Q5: Question3: Providing a detailed ablation study of the key module, such as ESM embedding.

We conducted an ablation study on the ESM embedding, and the results show that for UniSite-3D, removing the ESM embedding leads to a decrease of approximately 0.03 in the model's AP performance. For UniSite-1D, since it does not incorporate any structural information, removing the ESM embedding from the sequence encoder causes the training to fail to converge.

	$\text{AP}_{0.3}$ ↑	$\text{AP}_{0.5}$ ↑
UniSite-3D w/o ESM	0.5359	0.3501
UniSite-3D w/ ESM	0.5603	0.3835

2025-08-05

Dear Reviewer fcYt,

We sincerely appreciate your time and effort in reviewing our manuscript and offering valuable suggestions.
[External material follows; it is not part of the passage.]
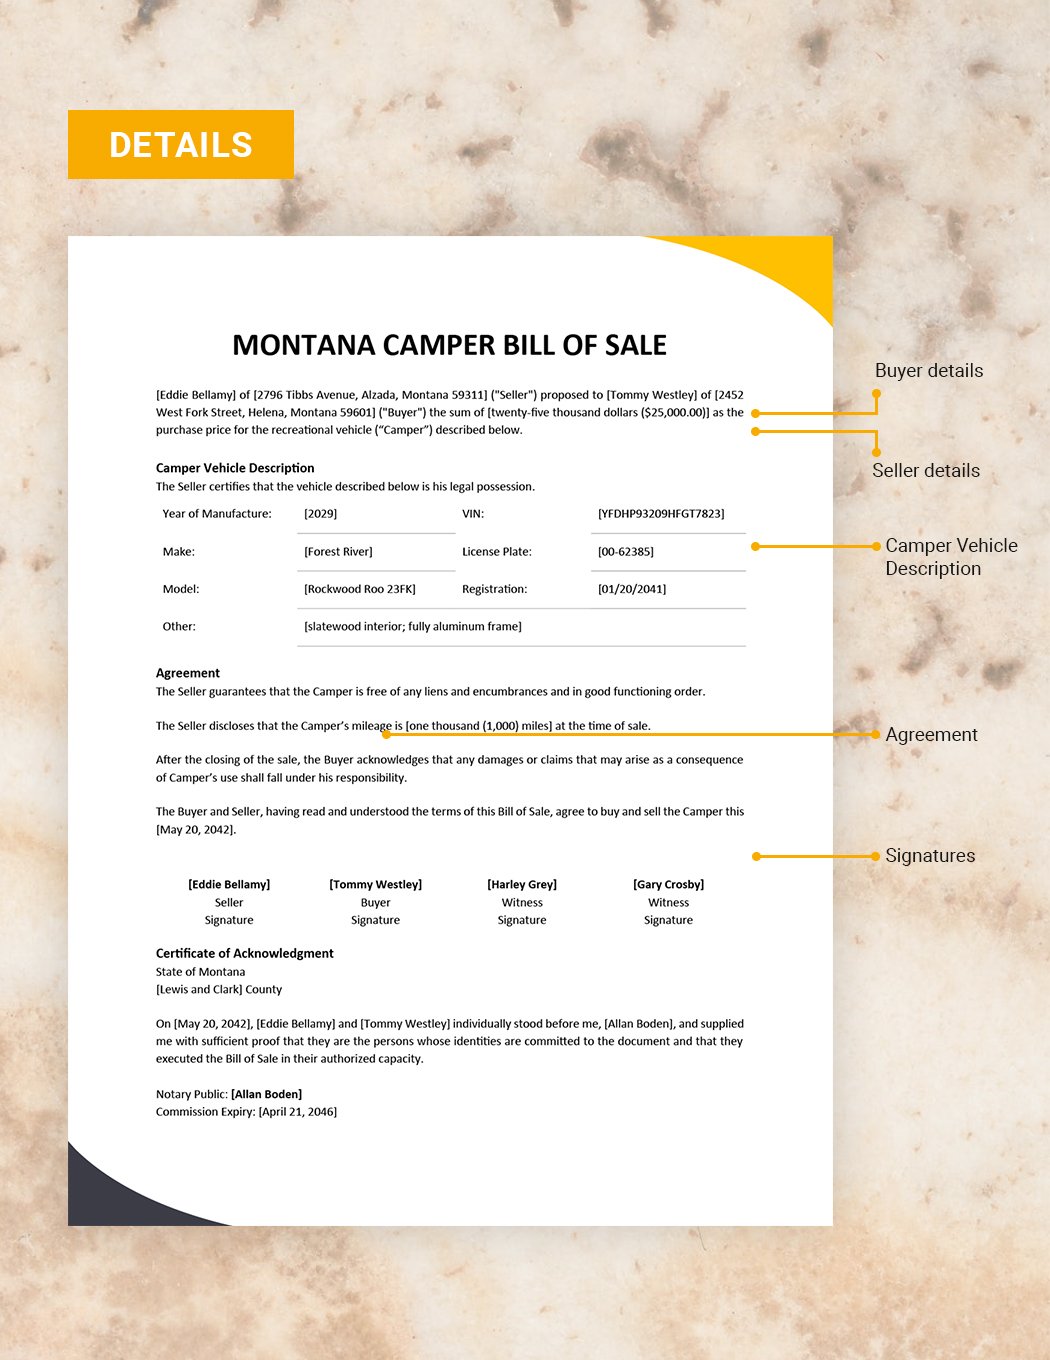 Montana Camper Bill of Sale Template

As the author-reviewer discussion phase is wrapping up, we would like to confirm whether our detailed rebuttal has addressed your concerns. If you require further clarification or have any additional questions, we would be more than happy to address them.

If our responses have resolved your concerns, we would be truly grateful if you could consider raising your rating.

Best regards,

The authors of paper 15335

2025-08-05

Thank you for your rebuttal. It has clarified several of my initial questions.

However, my concern regarding the evaluation bias and the advantage of IoU metric still exit for the following reasons:

From my perspective, there is a fundamental difference in how fpocket and UniSite define a binding pocket/sites, also known as Residue-centric versus pocket-centric perspective mentioned in p2rank paper [1].

UniSite follows the residue-centric perspective and it defines a pocket as the set of amino acid residues at the binding site. Consequently, its training is supervised by classifying whether a given residue is part of the pocket.

In contrast, fpocket follows the pocket-centric perspective, and it defines a pocket as the potential volume a ligand might occupy. So, fpocket determines pockets by clustering alpha spheres to delineate this space.

The objectives of these two definitions are fundamentally different. The distinction between the DCC and IoU metrics mirrors this conceptual difference between fpocket and UniSite.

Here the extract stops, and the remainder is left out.